> _Data_:
----

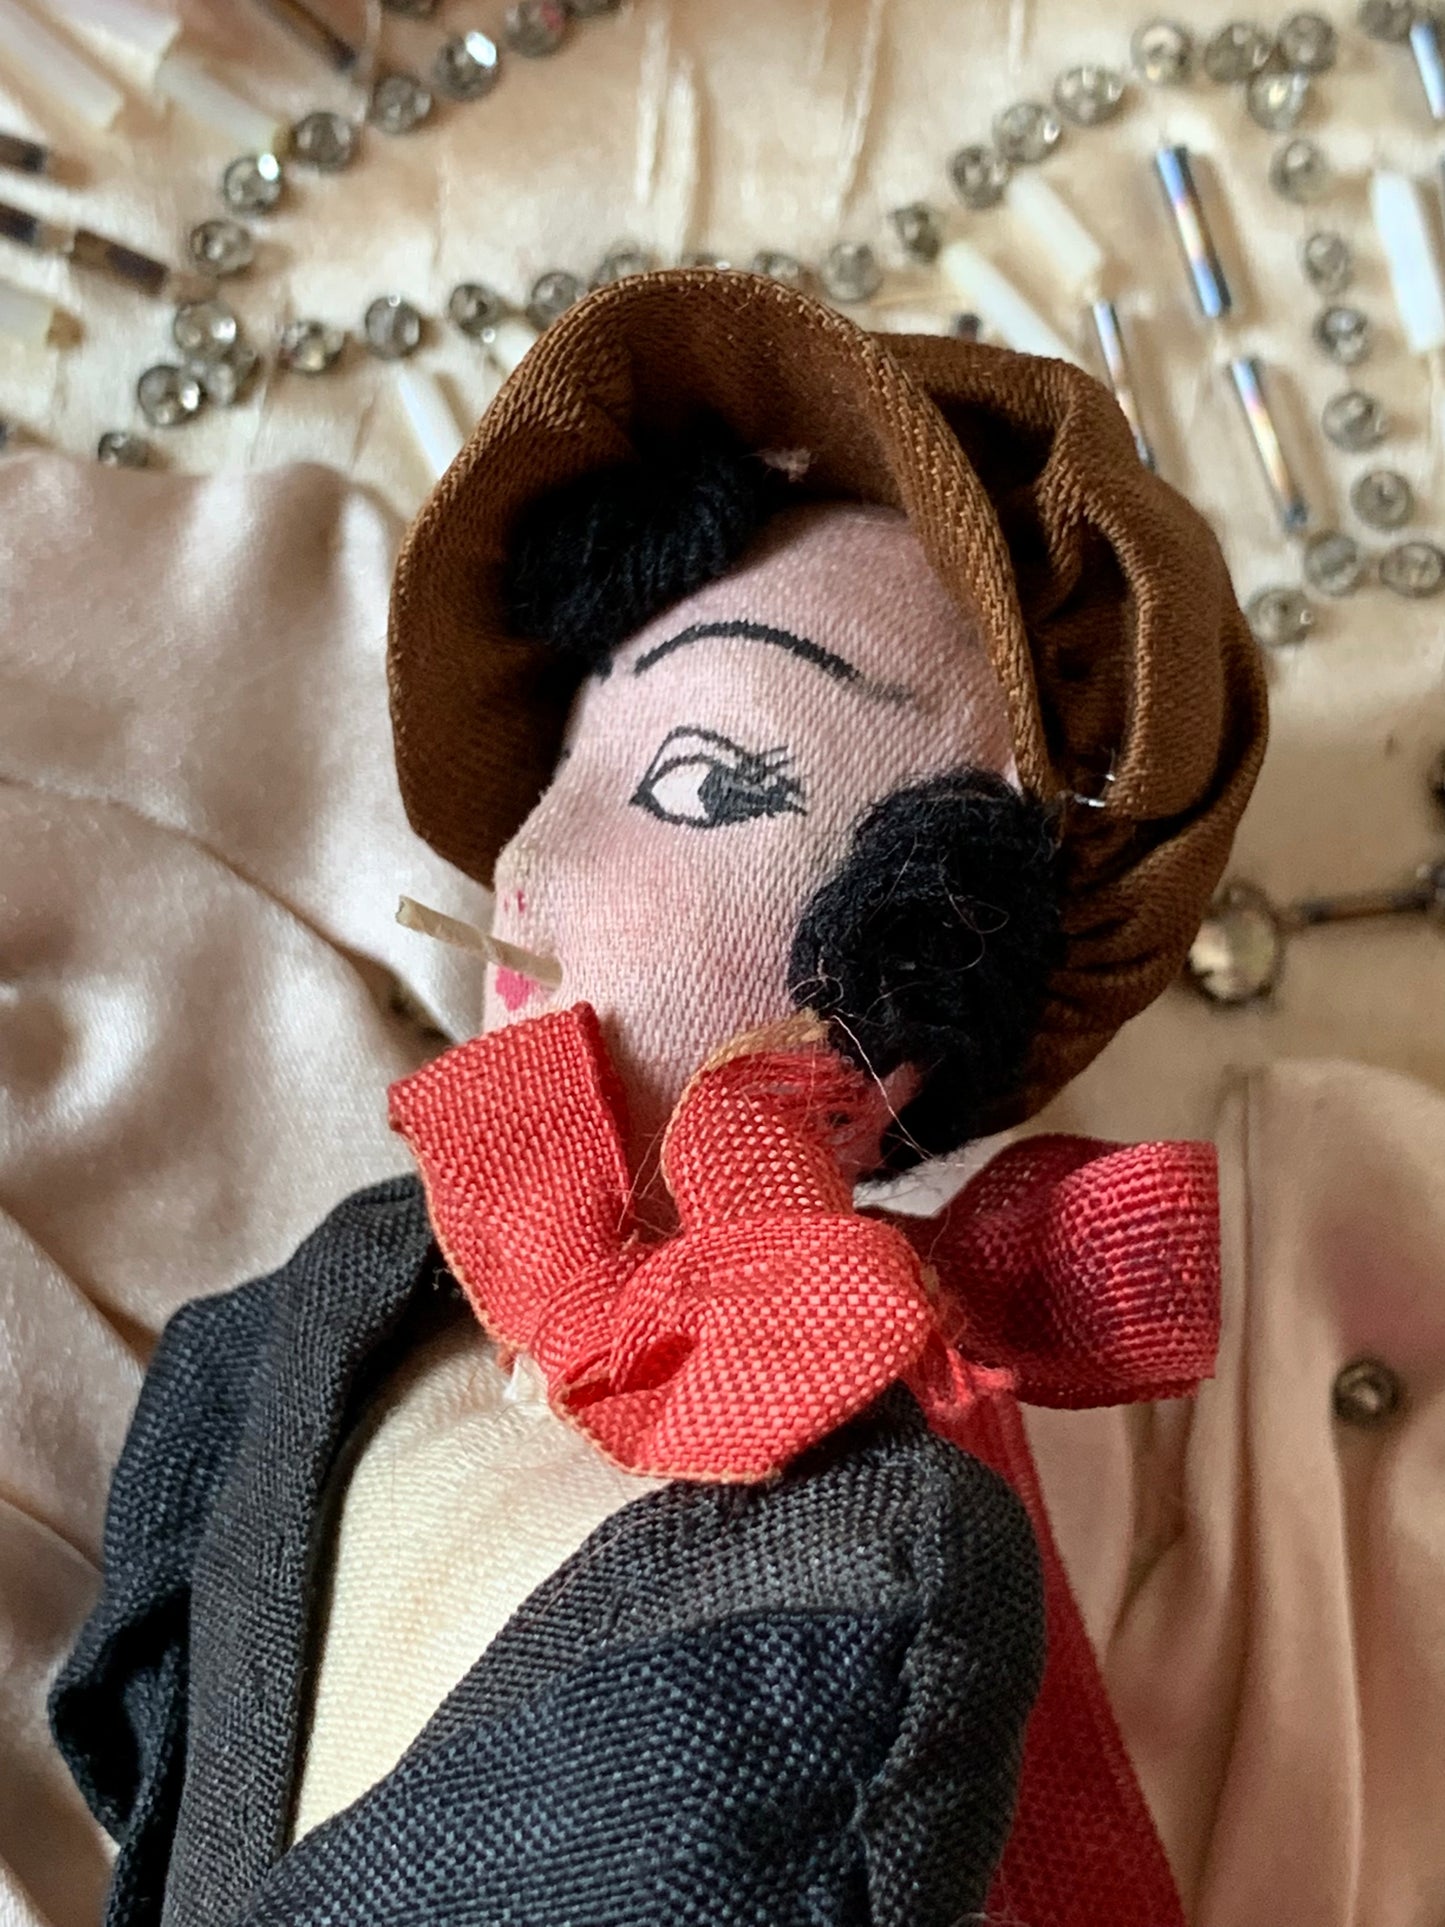 Vintage miniature smoker doll
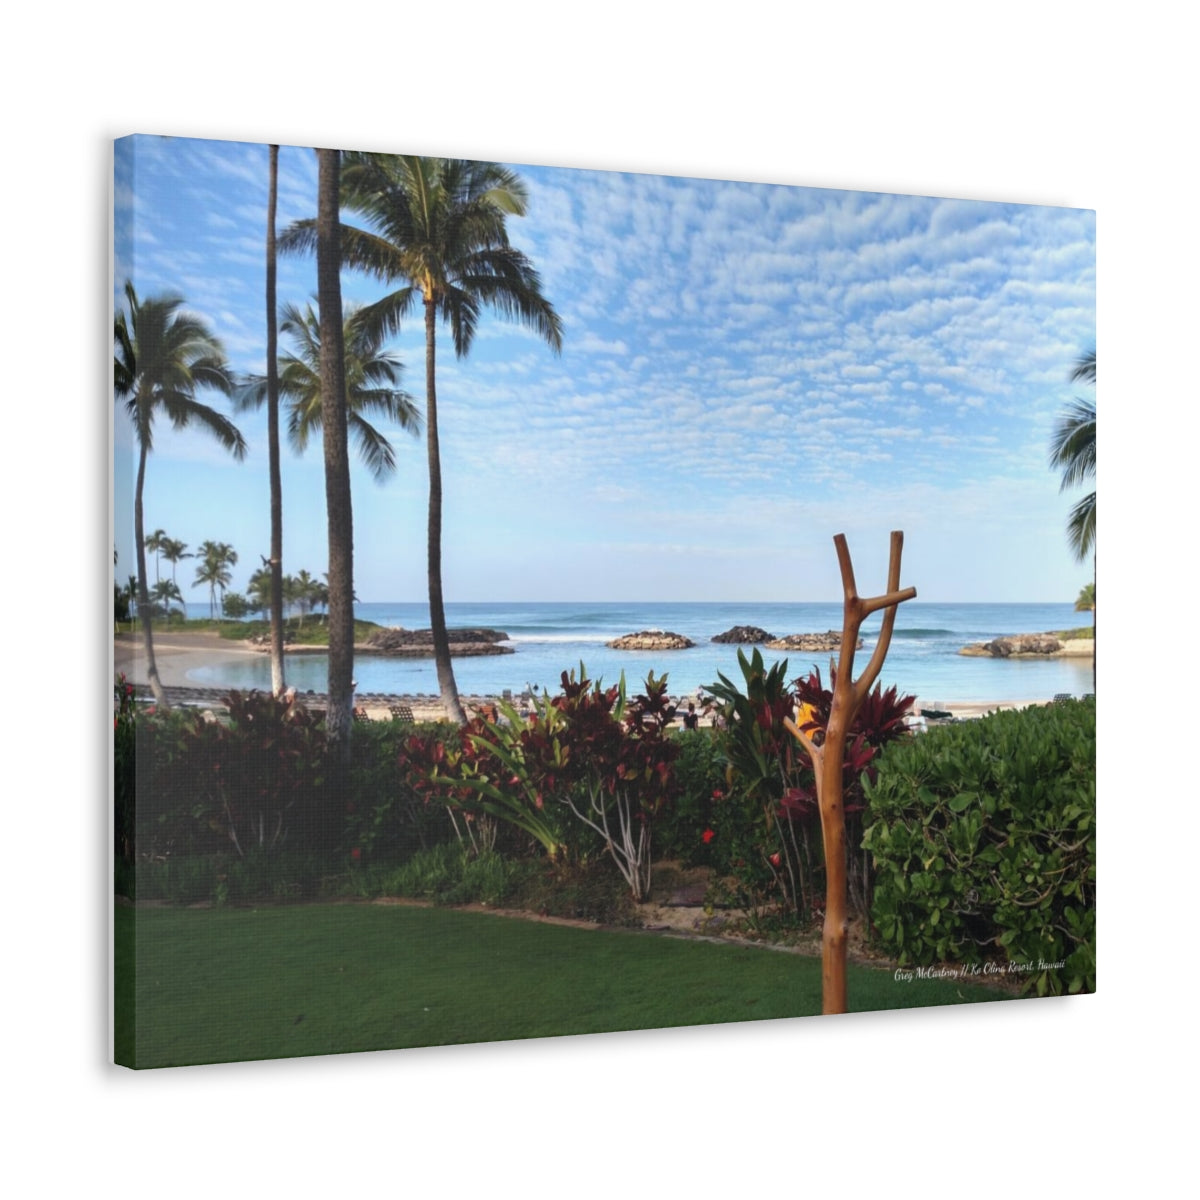 Artwork - Aloha Morning View on Canvas
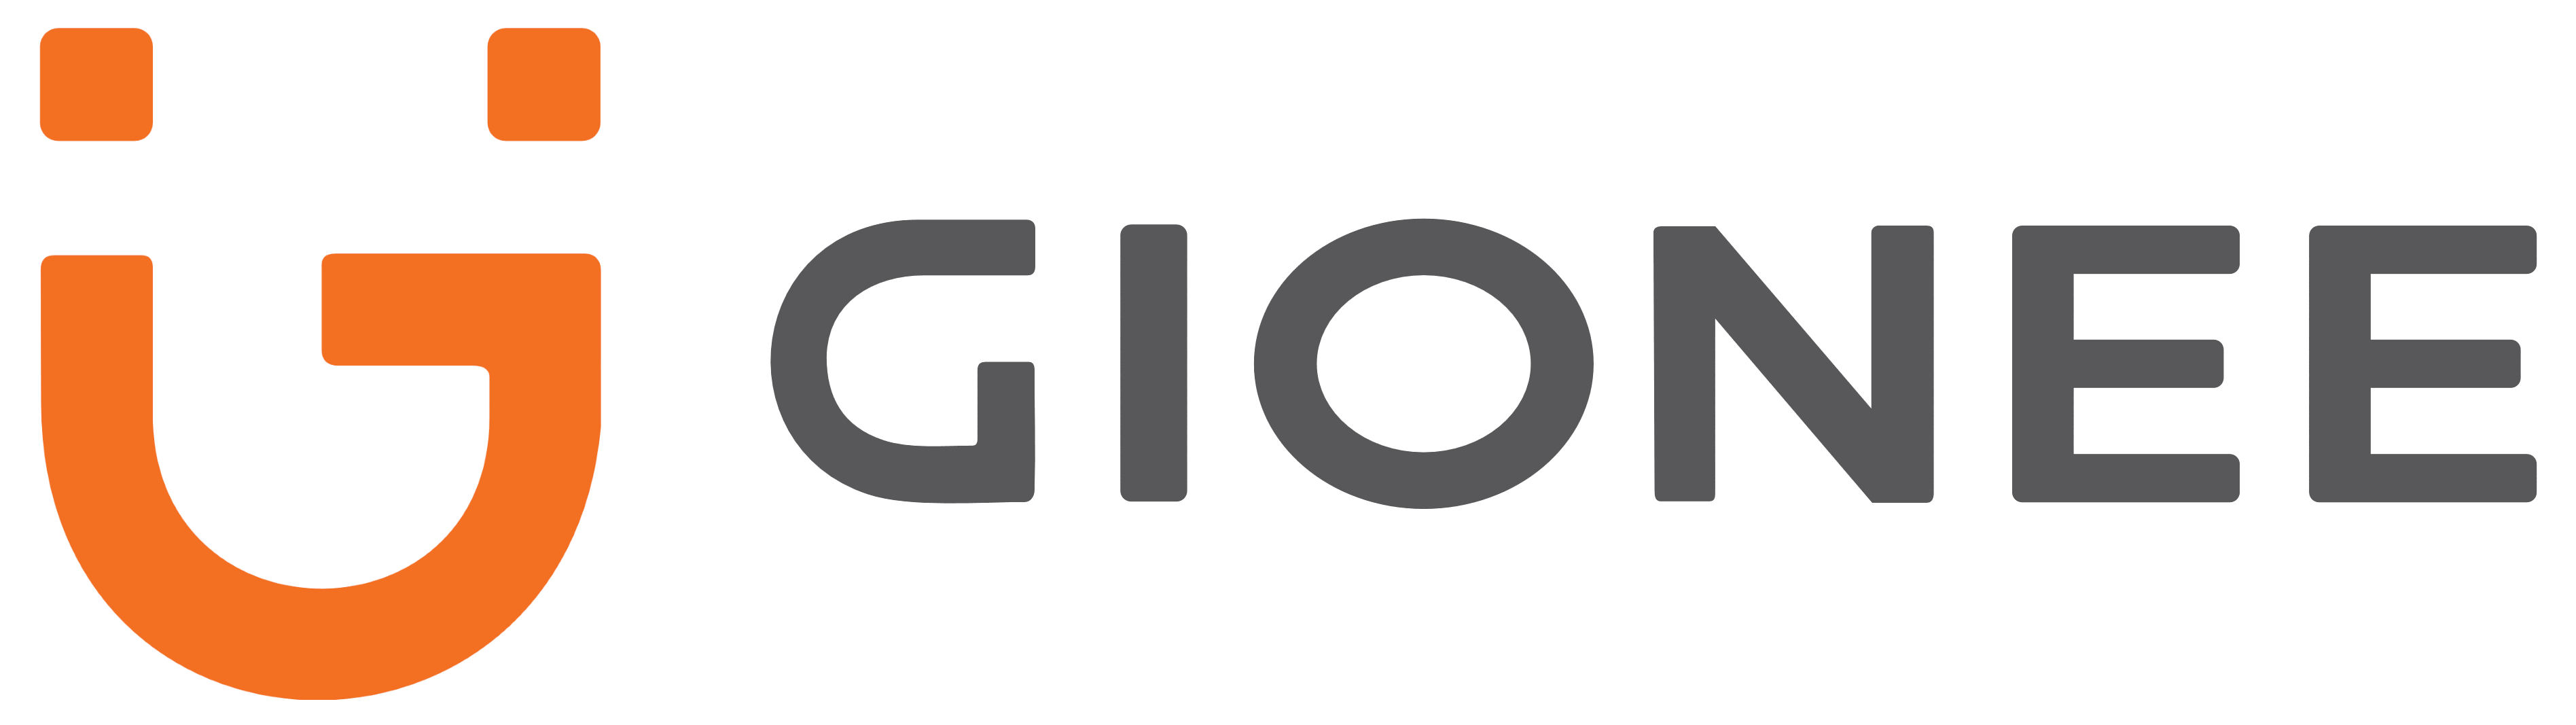 Gionee Logo - Gionee – Logos Download

----

> _Task objective_:
What the answer needs is every line from the one with "Artwork - Aloha Morning View on Canvas" through the last line of the data, reproduced word for word and with pictures omitted.

> _Task response_:
 Artwork - Aloha Morning View on Canvas
 Gionee Logo - Gionee – Logos Download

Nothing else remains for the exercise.